We have already summed all the sample values we have gathered, say 100,000 of them, into a single number. The simple act of summing has already quieted the random noise by self cancellation. This single number we have as the sum is very close to the number we would obtain if the noise added to the sine wave had never even existed. In other words, it's virtually the same number we would obtain if we had had only the pure sine wave itself without noise from the beginning, and had simply added together the amplitude of 100,000 identical positive peaks of this sine wave. Obviously, then, to derive the amplitude of just one of these 100,000 identical positive peaks, all we need to do is divide this sum number by 100,000. And of course, when you add together the amplitude of 100,000 samples and then divide the sum by the number of samples (100,000), the resulting number is called the average, and it represents the average value of all the samples you looked at and gathered together. In the case of the example we have been using, we know the sum of 100,000 samples of sine wave plus noise at +13, +8, etc. is very close to the sum of 100,000 samples of just the sine wave itself at hidden amplitude x, x, x, etc. And so, to discover the correct hidden amplitude x of the sine wave obscured by noise, all we need to do is divide the sum by 100,000.
      To make a long story short, we can accurately discover and reproduce the correct amplitude of just the hidden sine wave peak itself by calculating the average in the long run of many, many samples of sine wave peak plus noise.
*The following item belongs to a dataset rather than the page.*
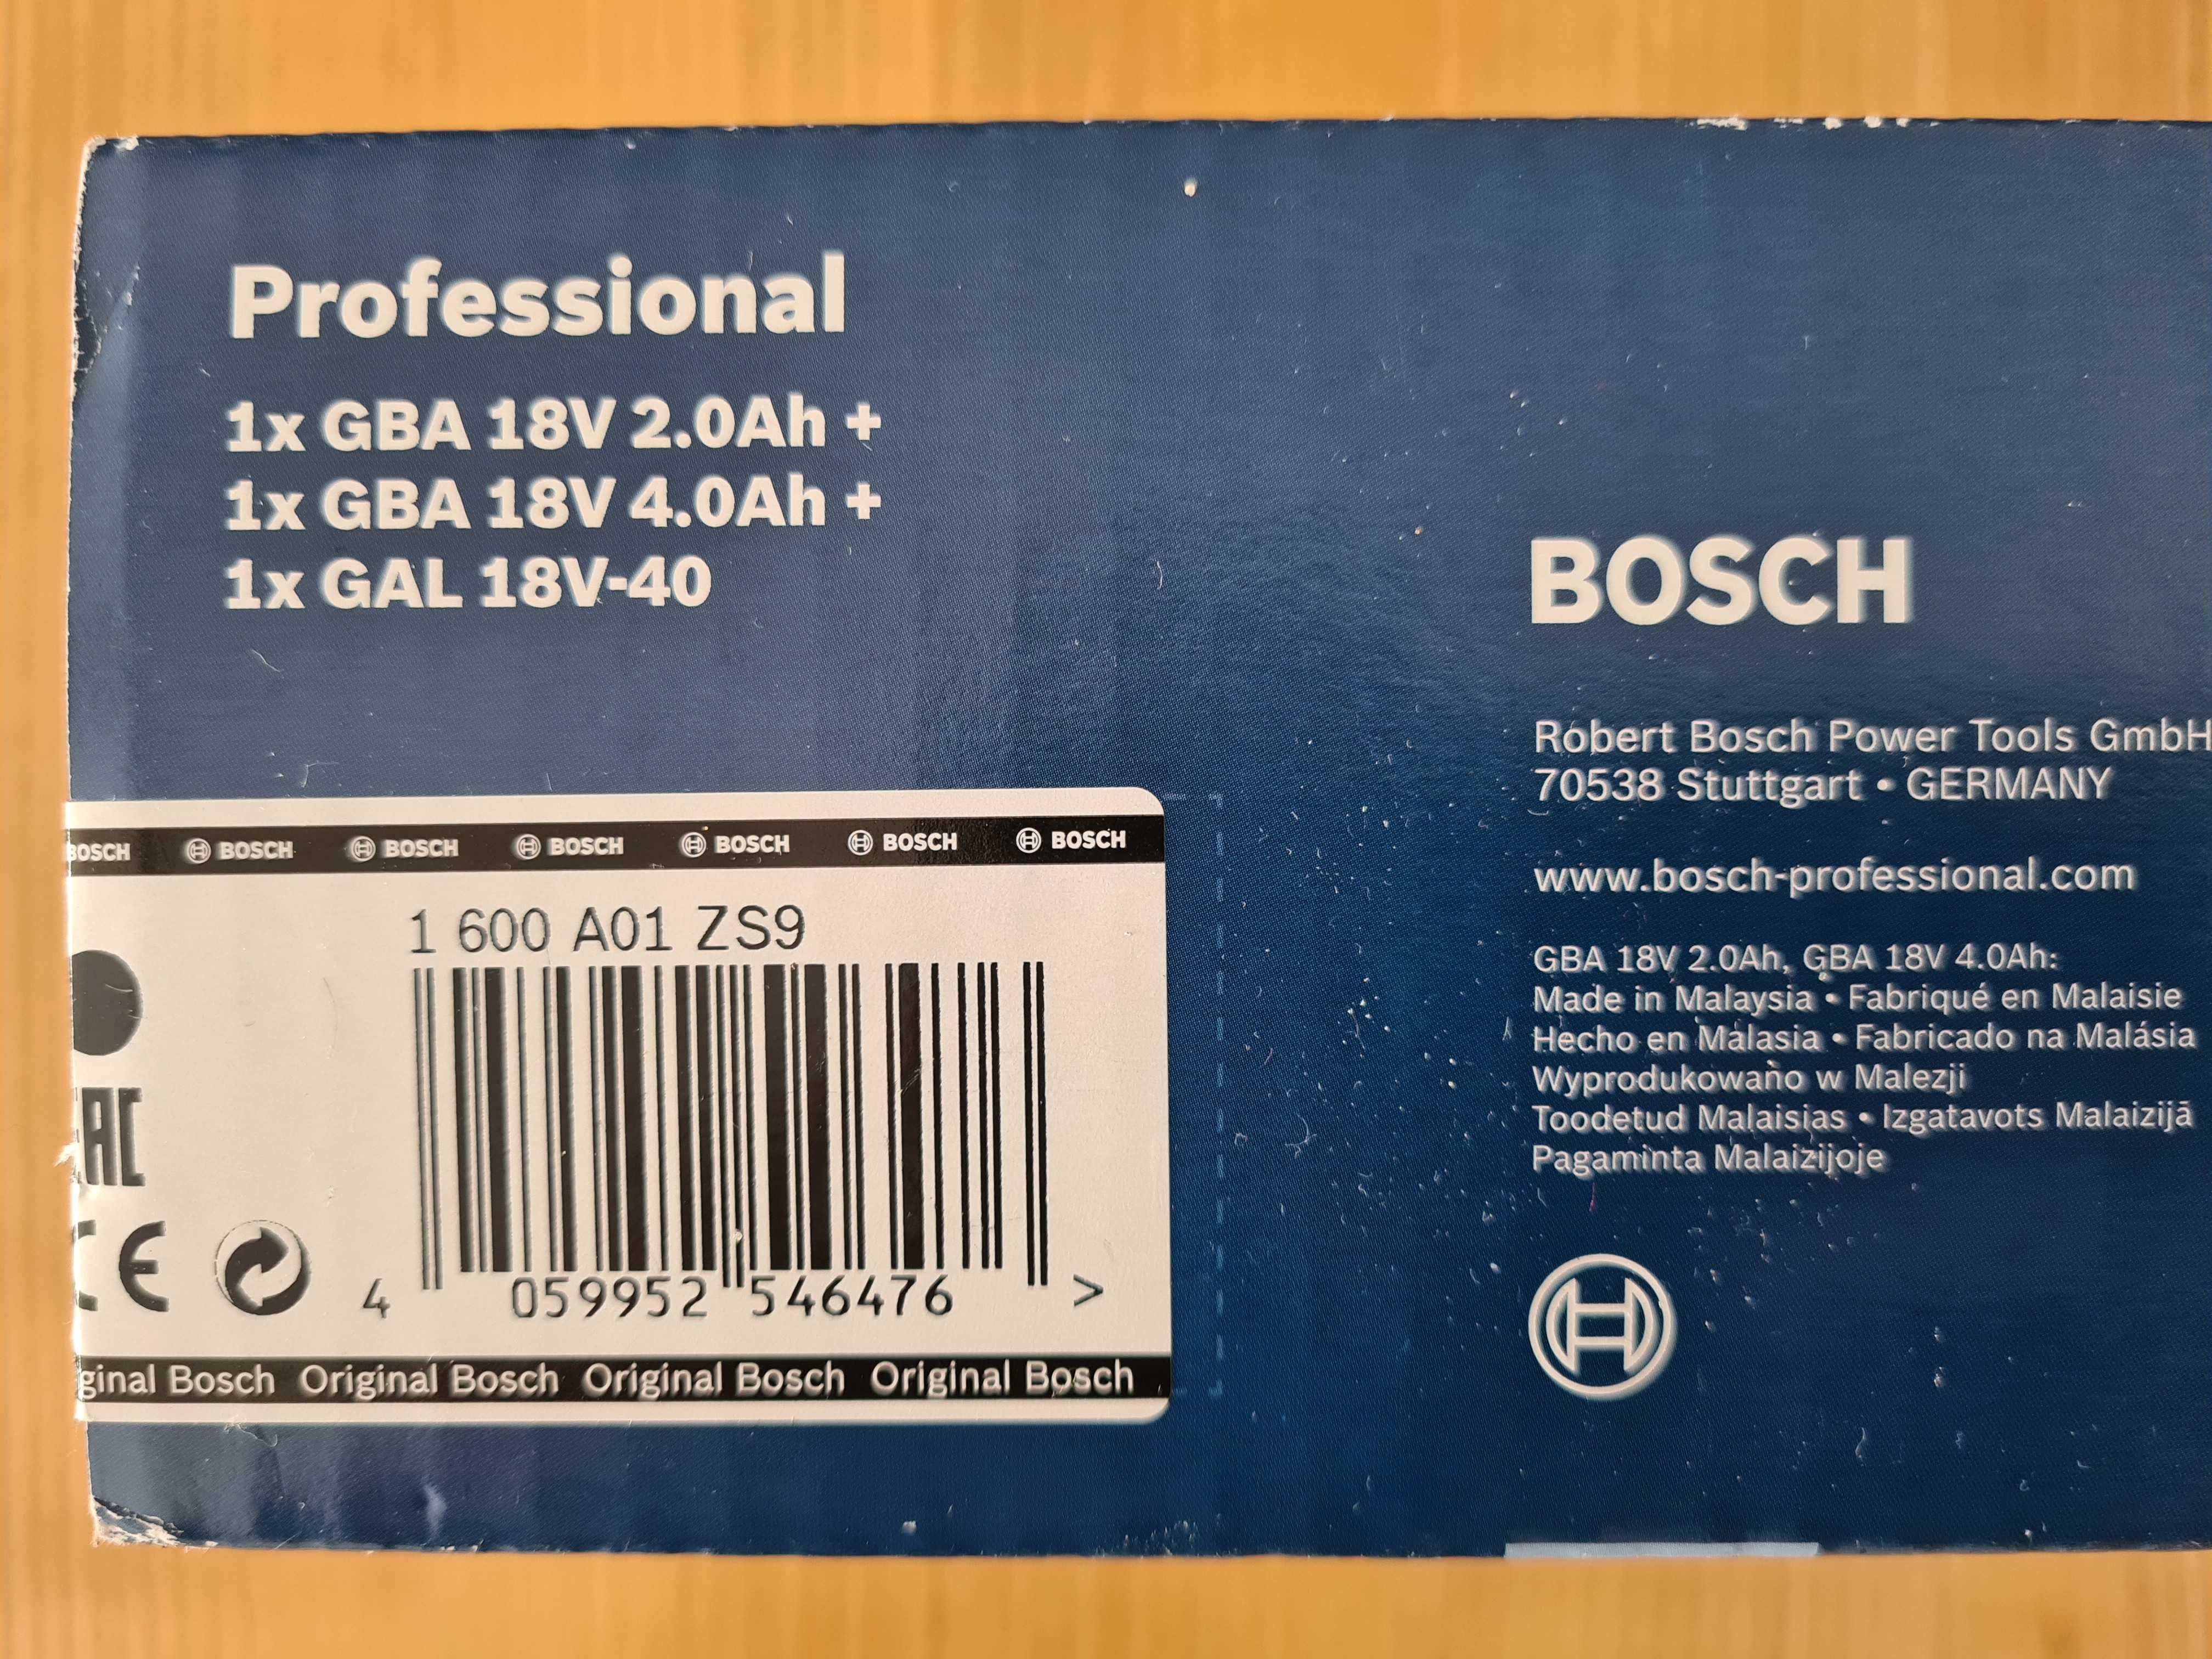 Bosch Professional Zestaw startowy GBA 18V 2Ah/GBA 18V 4Ah/GAL 18V-40

We can recover the pure signal itself, plucking it out of the noise and quieting the noise, by the simple process of averaging together many, many samples. And, by quieting the noise and getting closer to accurately reproducing the correct amplitude of the pure sine wave signal itself, we have effectively improved the bit resolution of our digital system (in a crude resolution digital system with fewer bits of resolution, the approximation or quantization error from its limited resolving power appears as a quantization noise, and if this noise is quieted by our averaging technique, then the effective bit resolution is improved).
      Averaging together these 100,000 samples of the sine wave peak plus noise essentially gives us the correct value of the sine wave peak without the noise contamination. That value is a single number, culled from 100,000 numbers. As we noted previously, that single number is all we need in this case. From that single number, accurately giving us the value of the sine wave positive peak, we can reconstruct the entire positive half of the sine wave, using the reconstruction filter that the Nyquist theorem requires in any case. Similarly, we can reconstruct the sine wave negative peak from a single number, derived as an average in the same way as the sine wave positive peak.
      We have now succeeded in discerning and reproducing a whole sine wave cycle very accurately, even though it was previously hidden by added noise. We looked at and gathered in 100,000 sine wave cycles in order to do this. It's worth noting that Fig. 5 in Keith Howard's HFN article, showing a sine wave recovered via this technique, required the gathering in and averaging of 24,000 samples for the peak value, and it still shows some visible waveform inaccuracy errors (which would be highly audible, since the ear is far more sensitive to hearing such distortions than the eye is to seeing them on a waveform plot). Also, Fig. 3, which shows how a 16 bit system can have its resolution enhanced up to 24 bits, employed the averaging of 1,048,576 samples to achieve this.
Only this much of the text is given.